Below is a third script I have created that reads, processes, and writes a hundred records at a time rather than just one. Telling struct to process a string of records rather than just one greatly speeds up the execution time.
#!/usr/bin/env python
import struct
infile = open("test_data", "rb")
outfile = open("test_data2", "wb")
# Read 100 records at a time
BUFFERSIZE = 16 * 100
while True:
try:
# Read one data chunk (BUFFERSIZE bytes)
data = infile.read(BUFFERSIZE)
except:
break
if not data:
break
# Get a list of integers from the data chunk
values = list(struct.unpack(">%dL" % (len(data) / 4), data))

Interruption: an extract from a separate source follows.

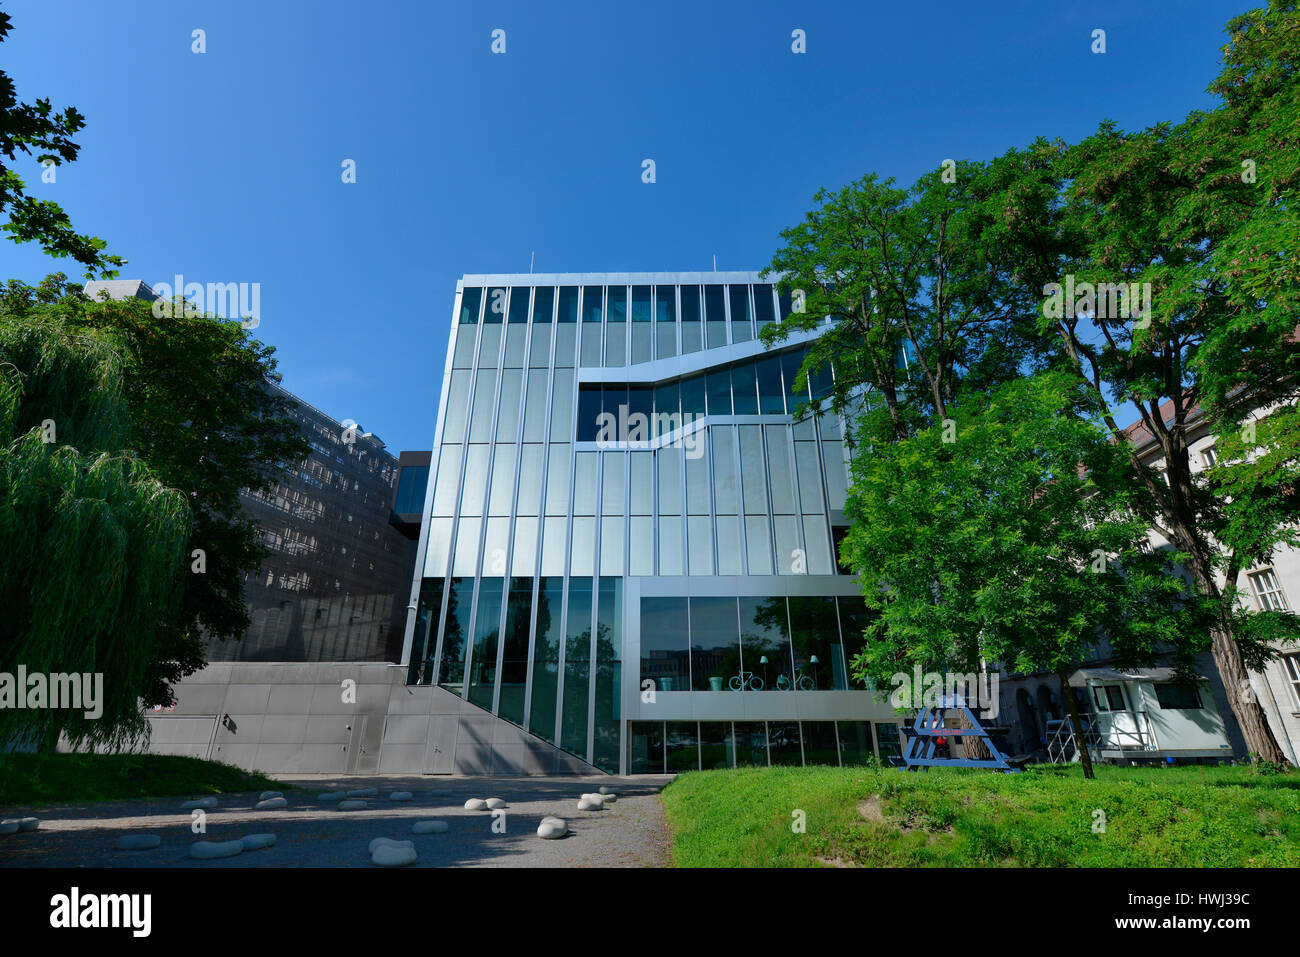 Botschaft Niederlande, Klosterstrasse, Mitte, Berlin, Deutschland Banque D'Images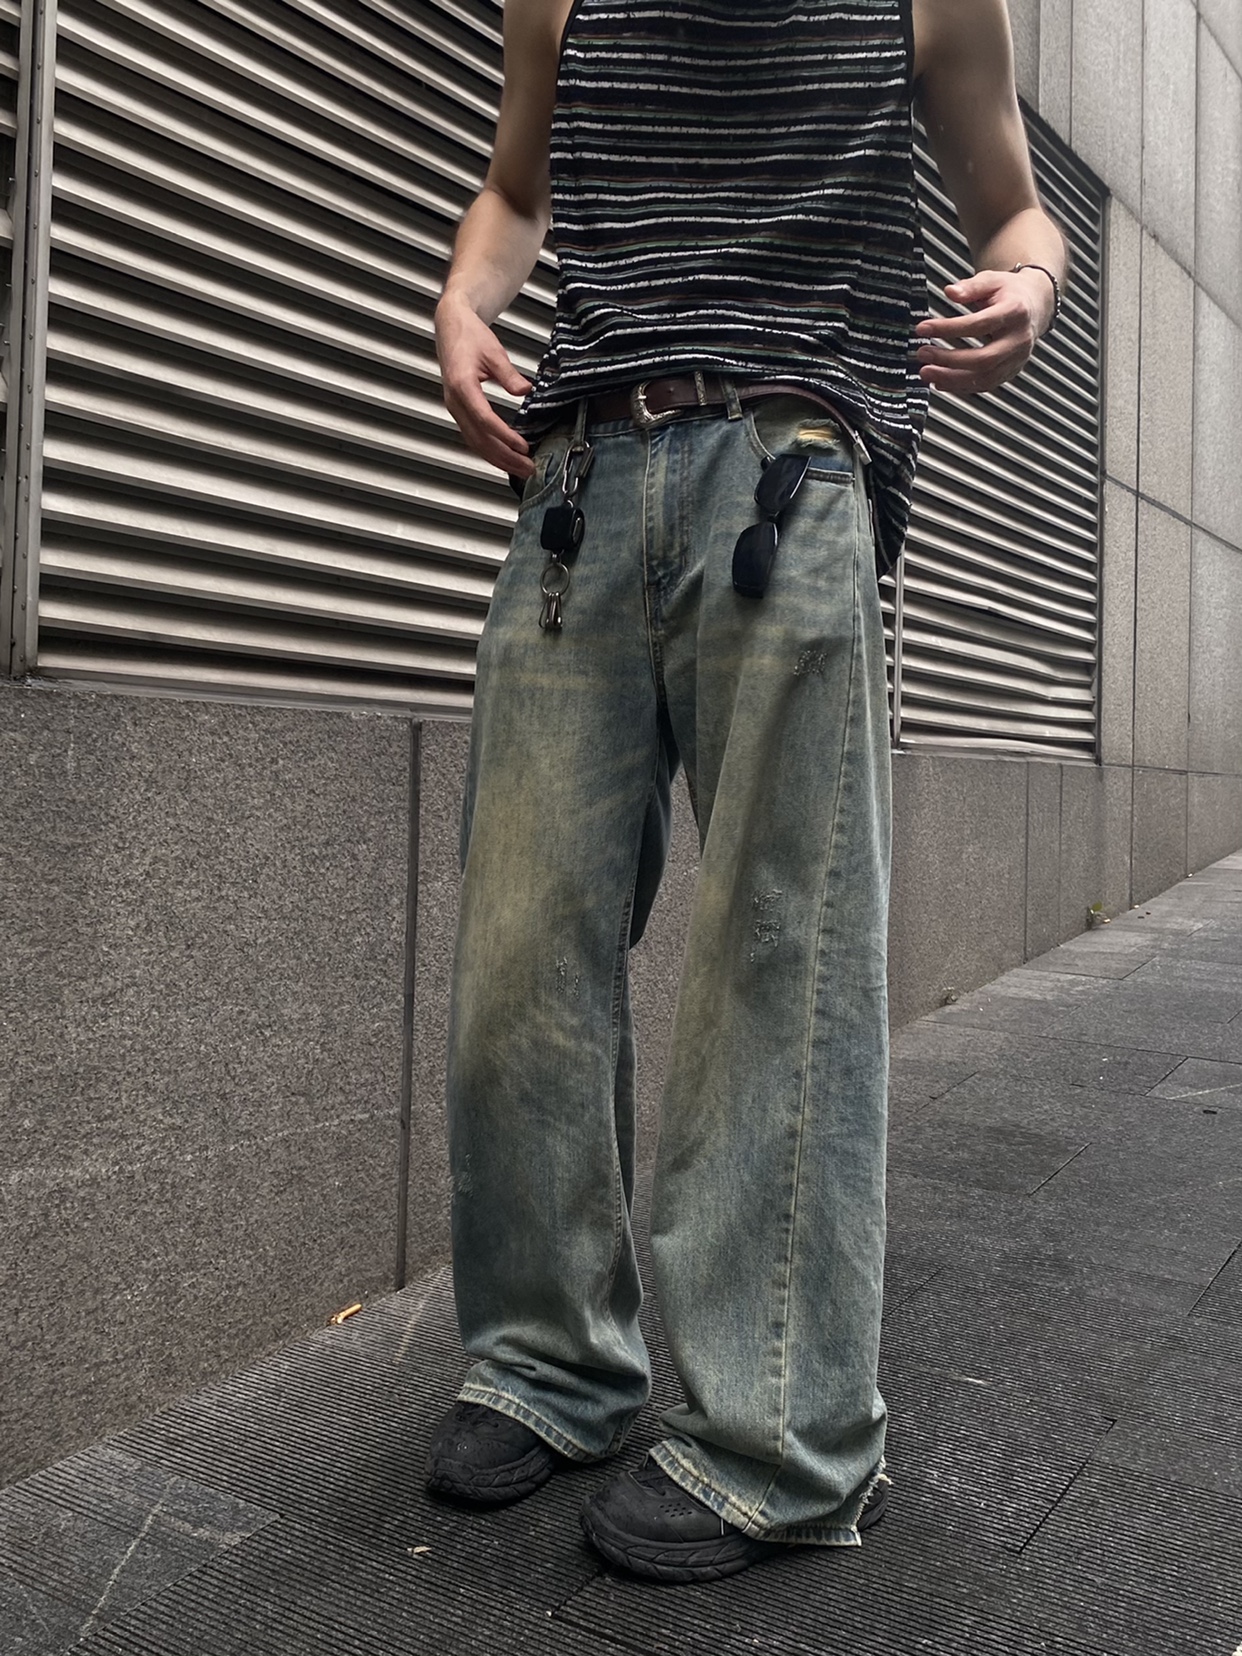 TWORED 美式复古水洗做旧牛仔裤男裤脚破坏休闲宽松百搭直筒长裤

# For every third integer, add 24 seconds
for x in range(2, len(values), 3):
values[x] += 24
# Write the modified data chunk
outfile.write(struct.pack(">%dL" % (len(data) / 4), *values))
I've saved this script as fast.py. Let's see how it performs.
time ./fast.py
real 0m1.837s
user 0m1.510s
sys 0m0.156s
That only took 1.8 seconds, which is three times faster than the second script and almost six times faster than the original, just by processing the data in chunks and thus making less calls and loop iterations. Most of Python is written in C - so it makes sense to let the fast C code do as much work as possible without your intervention, including switching between C and Python values in the struct module!
Real World
Using the approach above I was able to rewrite the qt-faststart utility from ffmpeg which modifies MP4 files to allow them to be easily streamed via HTTP by making sure that specific, important file information is at the front of the file. It runs just as fast as the C original, but takes less lines of code and can be used as a Python module, which is very useful if your main project is written in Python.
Conclusion
Hopefully this approach can be adapted to your projects and give them a significant speedup while processing binary file or network data.